Supporters of the legislation say the care has not been adequately studied, can have harmful long-term effects and that minors cannot actually consent to it. However, doctors who treat trans youth say puberty blockers and hormone therapy have been provided to minors who are not trans for decades to treat other conditions, such as precocious puberty. In addition, nearly all major medical associations in the United States support access to transition-related care for minors and oppose restrictions on it, with the American Medical Association calling government restrictions “a dangerous intrusion into the practice of medicine.”

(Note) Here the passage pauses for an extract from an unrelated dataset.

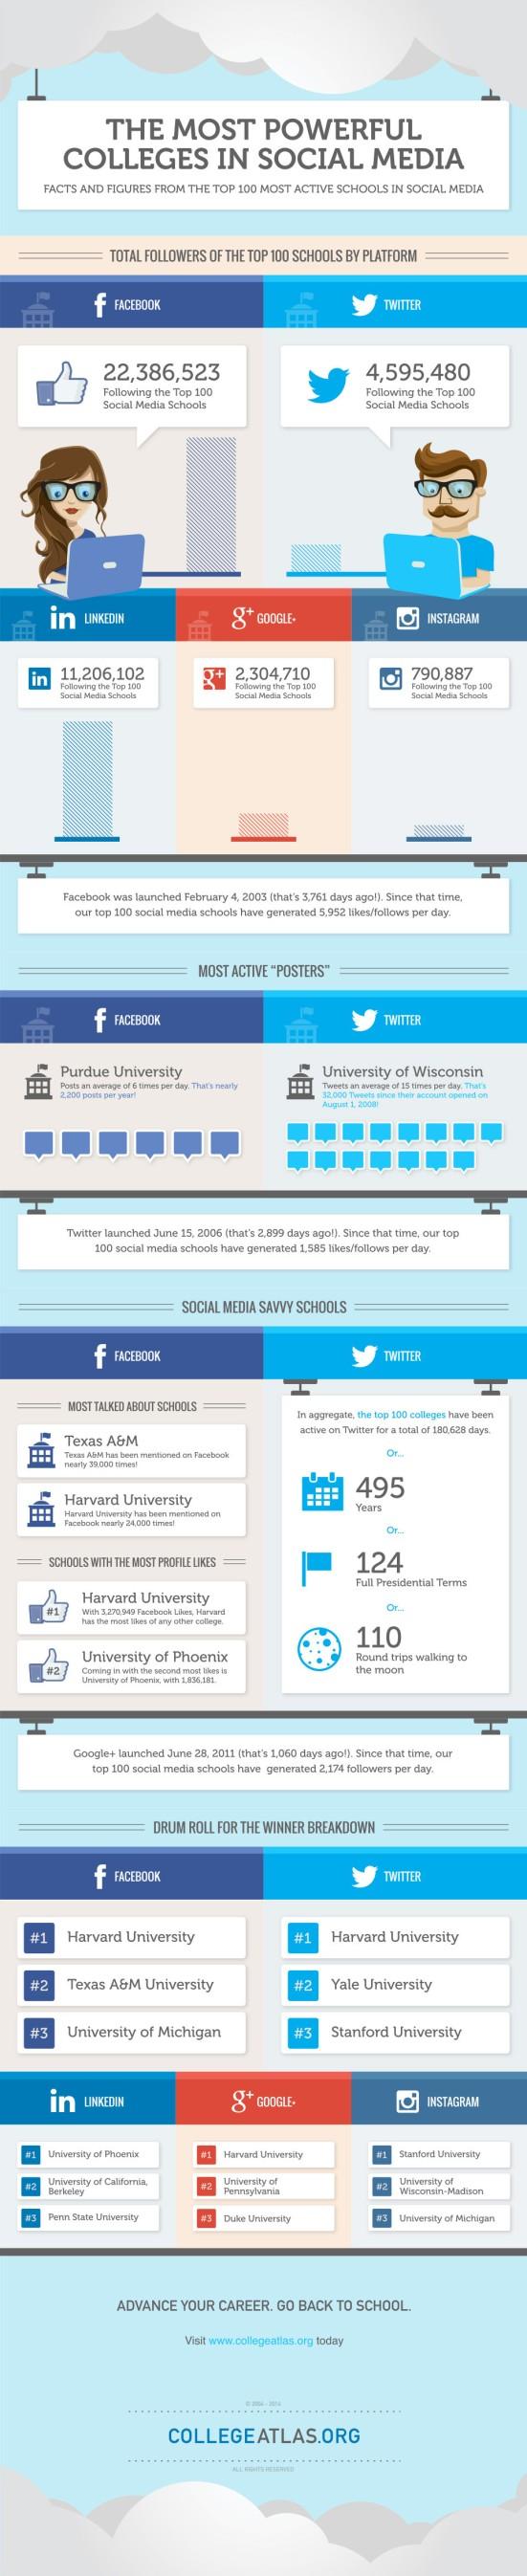 MostPowerfulCollegesInSocialMedia_Infographic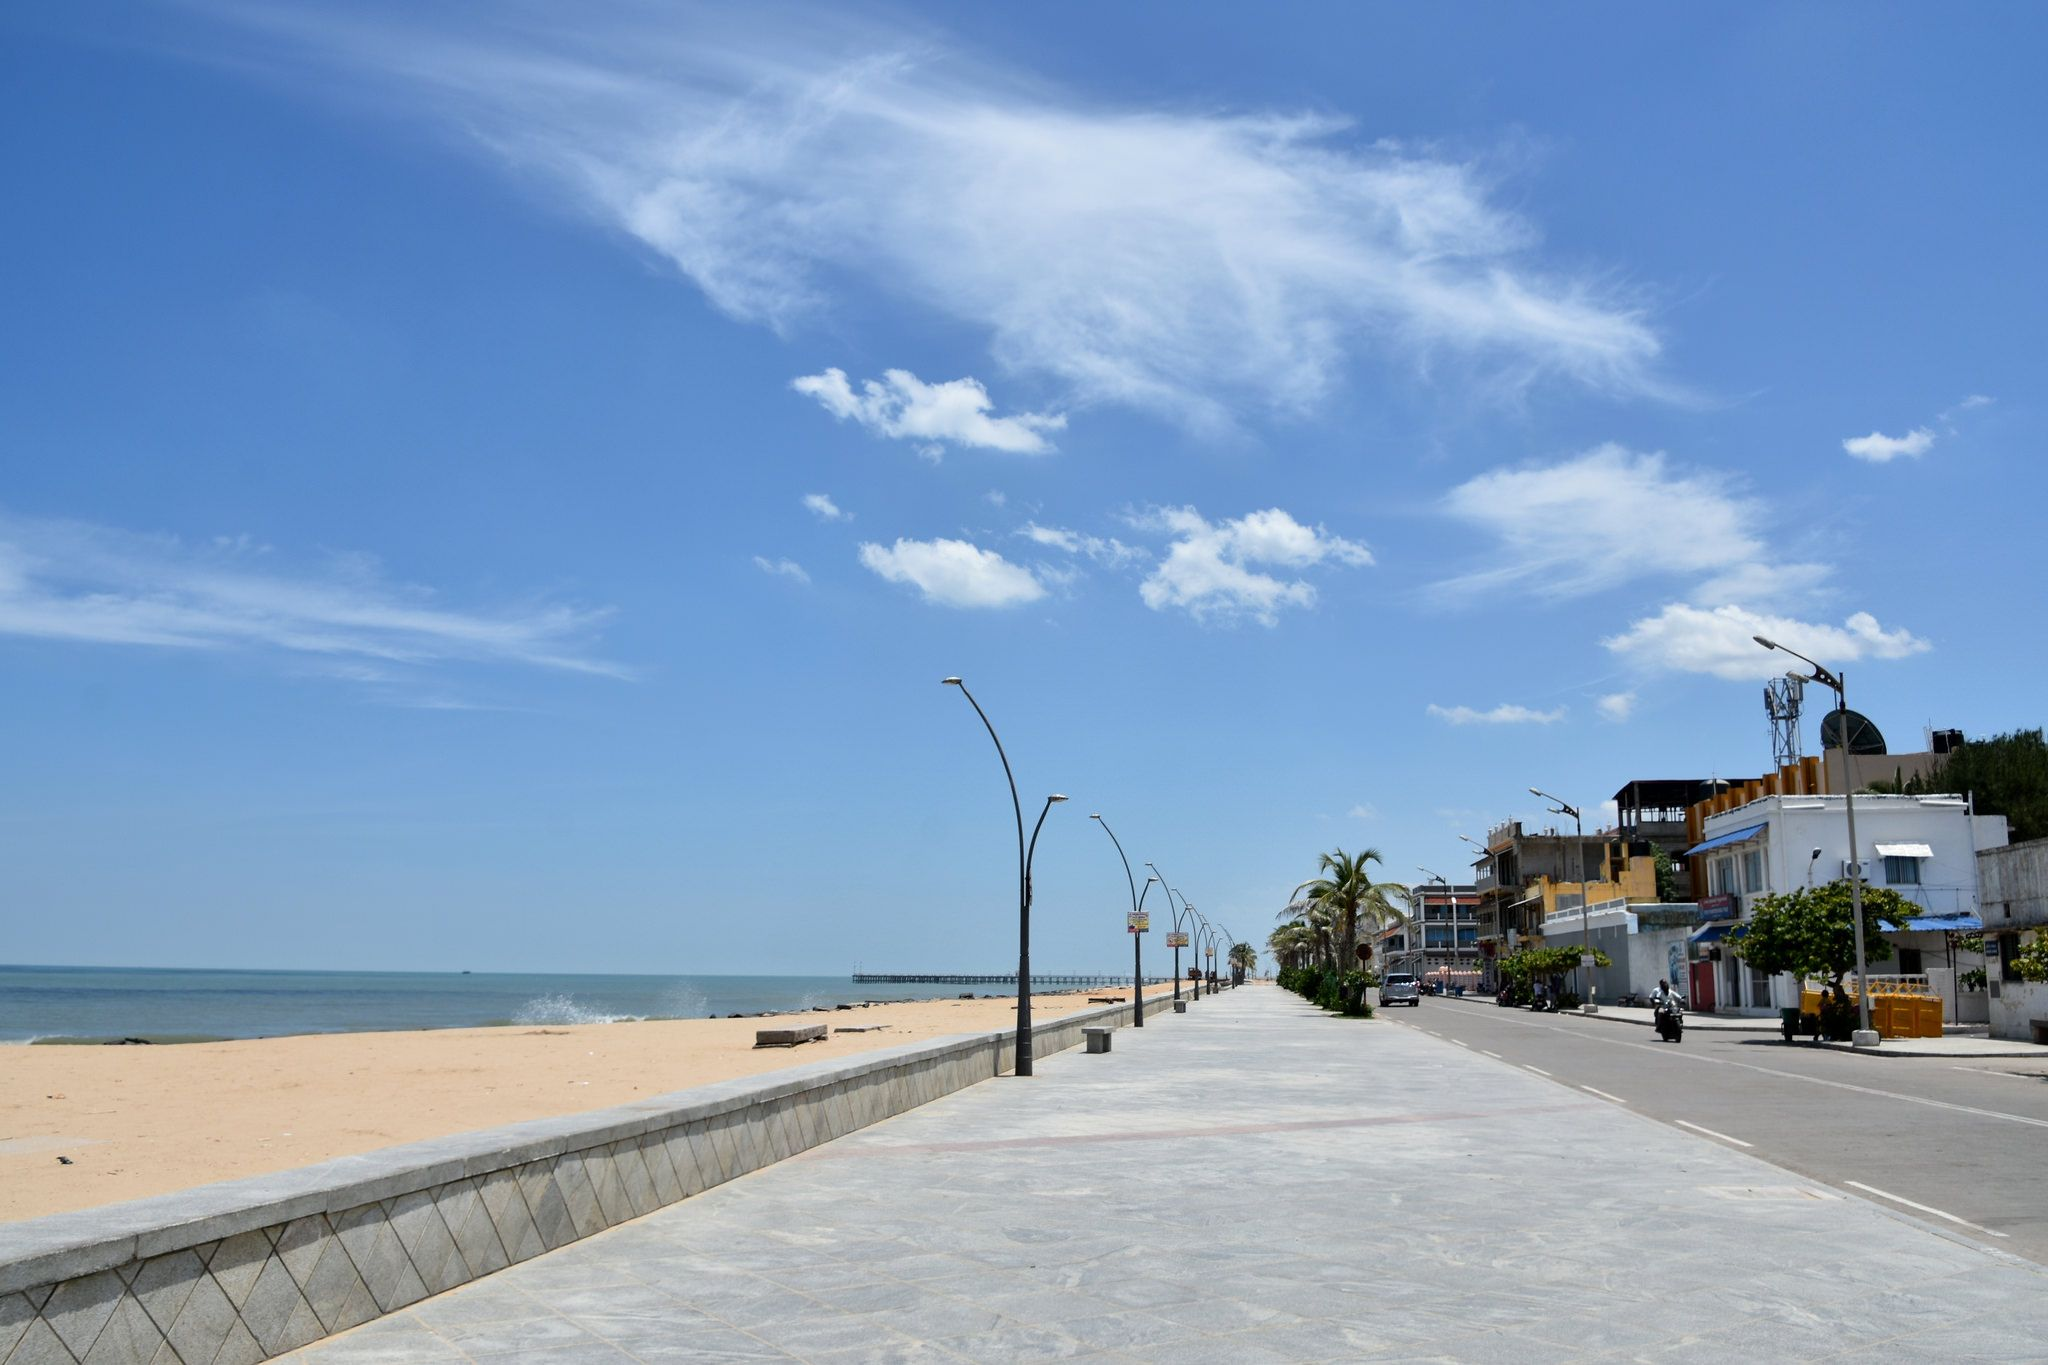 Promenade beach beach outdoor water

A study published earlier this year in JAMA Pediatrics found that less than 0.1% of adolescents in the U.S. with private insurance in the United States are trans and are prescribed puberty blockers or gender-affirming hormones. A 2024 study published by the Harvard T.H. Chan School of Public Health found that the rate of teens ages 15 to 17 undergoing gender-affirming surgery was 2.1 per 100,000.
The remaining states where care is legal — particularly California, Colorado, Oregon, Illinois, Washington, Connecticut and Pennsylvania — have seenan influx of out-of-state patients, with some parents of trans minors even relocating their families to those states to maintain care for their kids.
Parents of trans youths have seen those states — and hospitals such as the Children’s Hospital Los Angeles, which is home to one of the nation’s oldest gender clinics — as safe havens.
An emergency room nurse at Children’s Hospital Los Angeles shows a lanyard decorated with pronoun pins and buttons during a protest against the closure of the hospital’s trans youth clinic on July 3.Jae C. Hong / AP
However, in January, the Trump administration began targeting providers of trans care, including an executive order that sought to bar federal funding from going to medical schools and hospitals that provide such care to people younger than 19. In March, a federal judge blocked that part of the order, and some hospitals resumed treatments.
But then, in April, Attorney General Pam Bondi issued a memo that said the Justice Department would investigate doctors who provide transition care to minors under existing laws, including laws against genital mutilation. In July, the DOJ sent subpoenas to more than 20 doctors and clinics that provide such care. A subpoena sent to the Children’s Hospital of Philadelphia, which was made public Monday as part of a legal filing attempting to block the investigations, requested the names, birth dates, Social Security numbers, addresses and parent/guardian information of all patients who were prescribed puberty blockers or hormone therapy.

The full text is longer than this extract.